## Available records:
────────

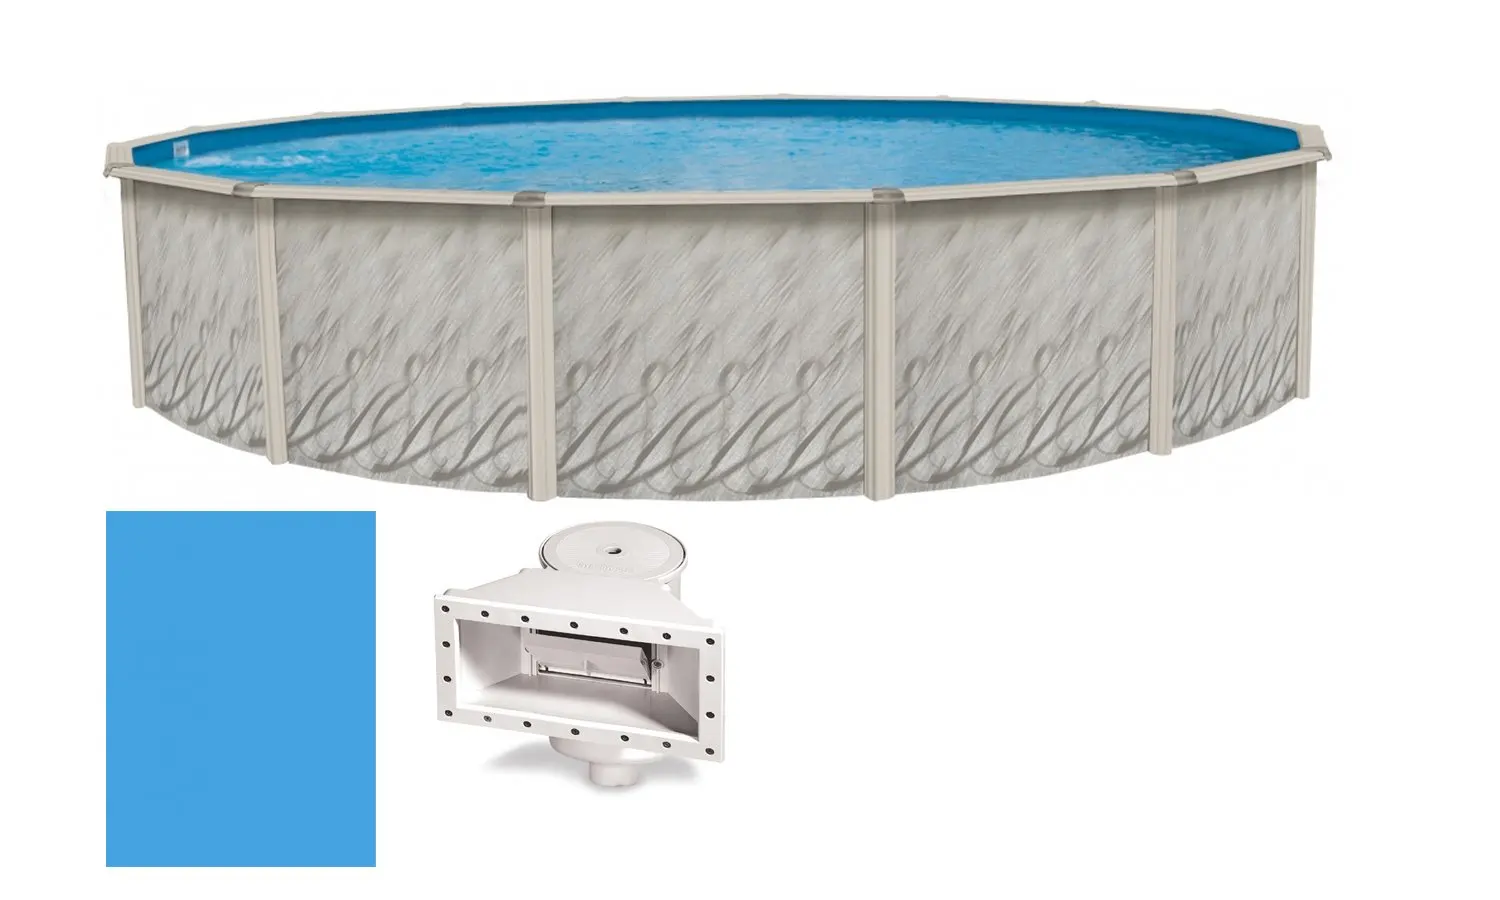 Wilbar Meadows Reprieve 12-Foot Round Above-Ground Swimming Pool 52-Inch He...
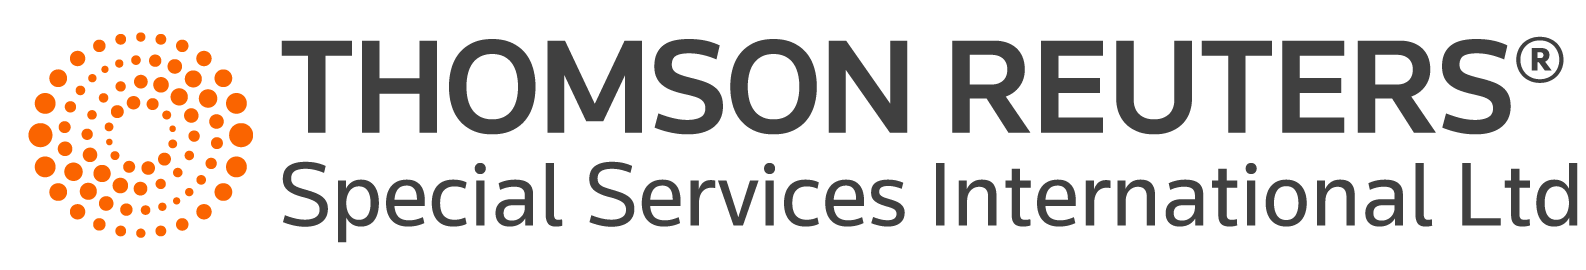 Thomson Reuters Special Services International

────────

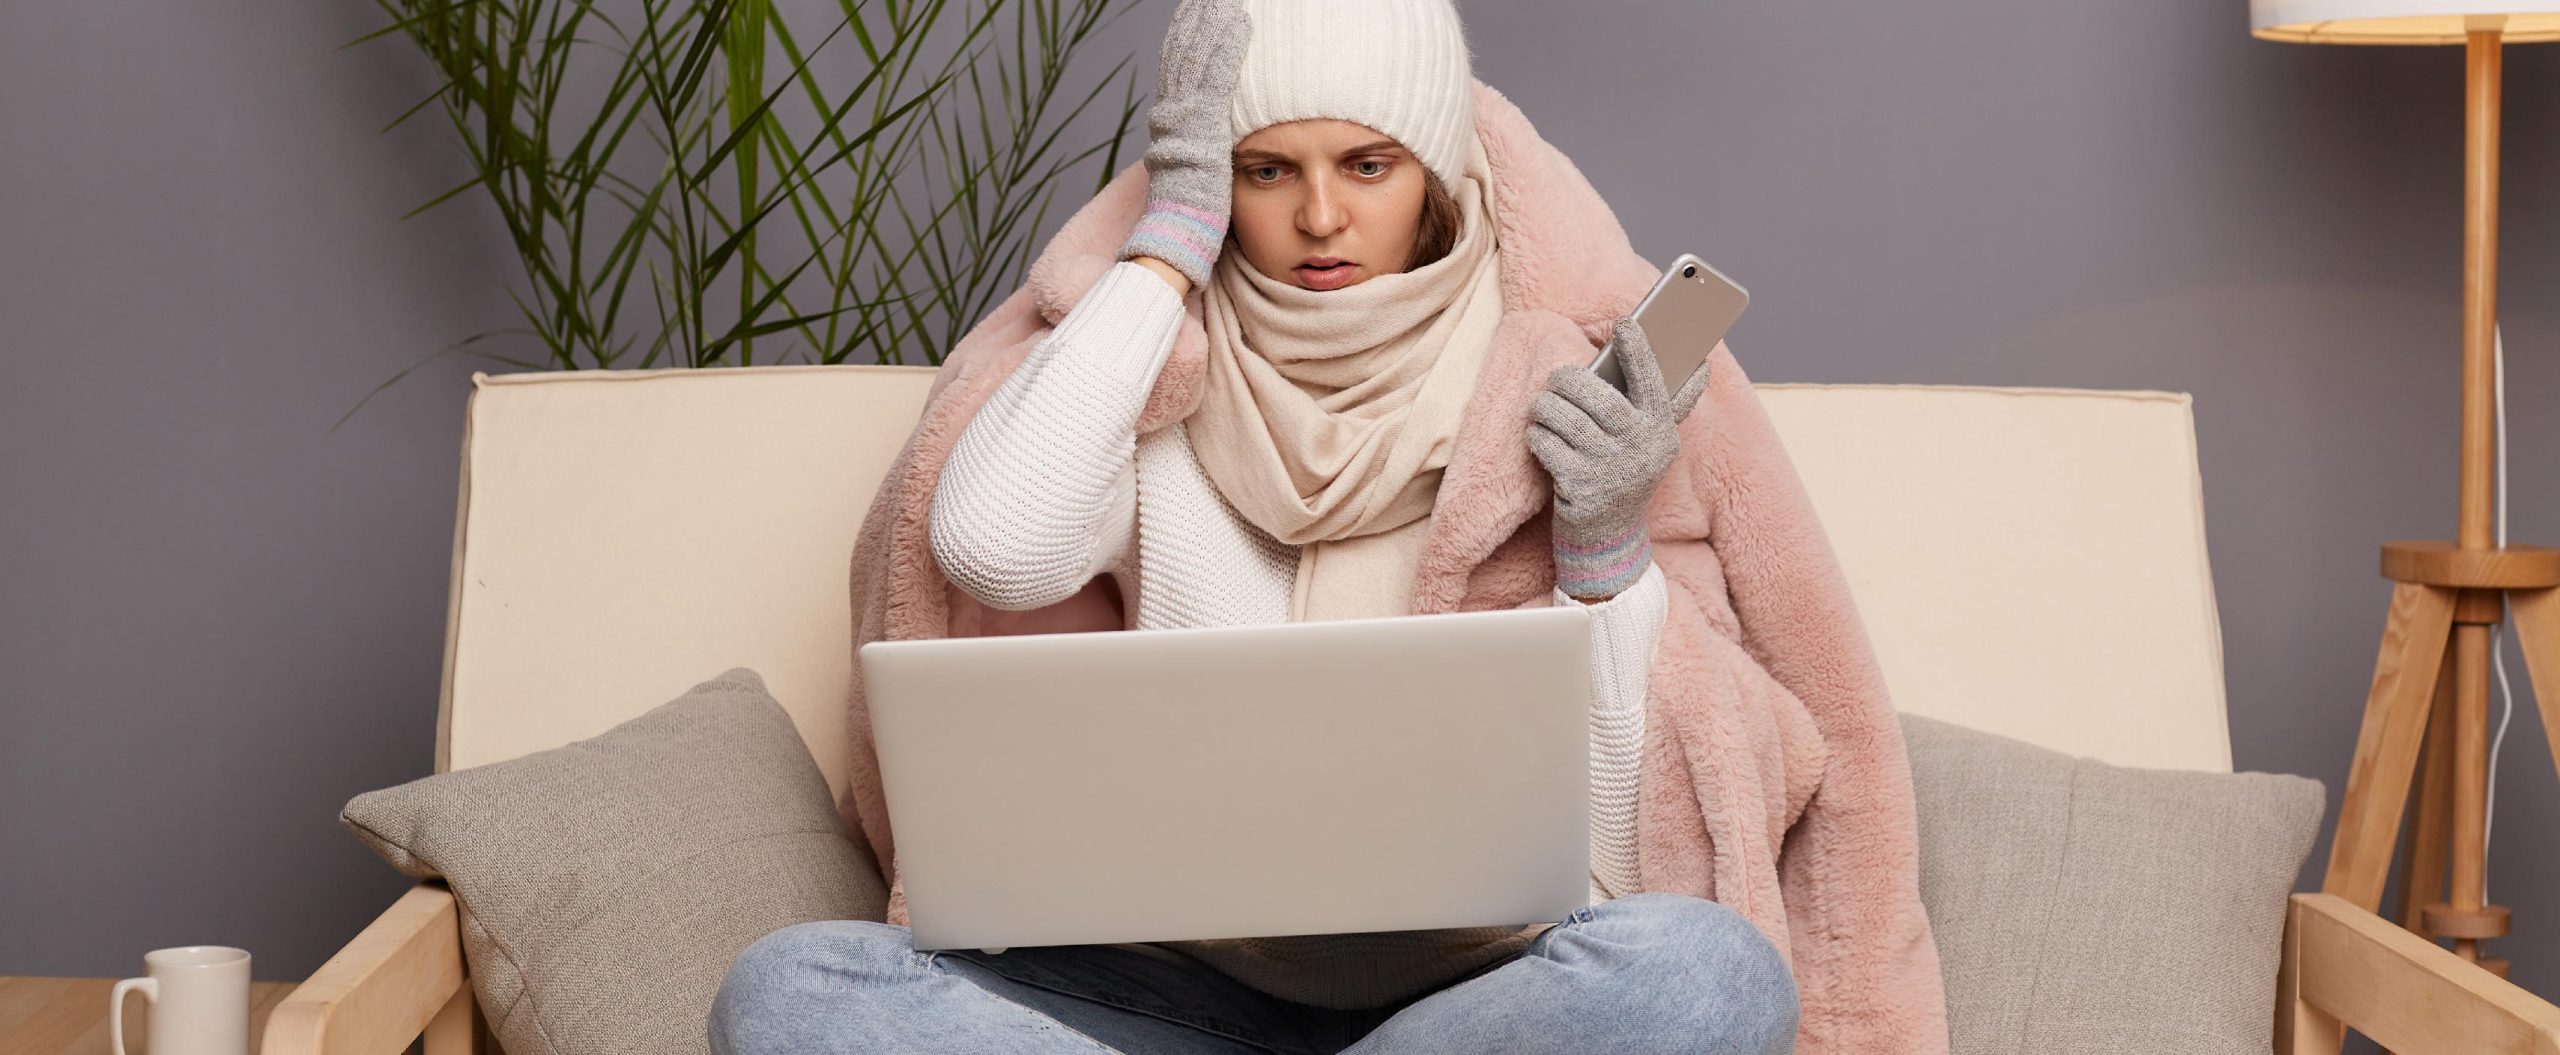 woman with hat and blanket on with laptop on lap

────────

## Exercise directions:
Go down the entries above from the line containing "Wilbar Meadows Reprieve" to the line containing "Thomson Reuters Special" and write out each line exactly, leaving pictures out.

## Response to this task:
 Wilbar Meadows Reprieve 12-Foot Round Above-Ground Swimming Pool 52-Inch He...
 Thomson Reuters Special Services International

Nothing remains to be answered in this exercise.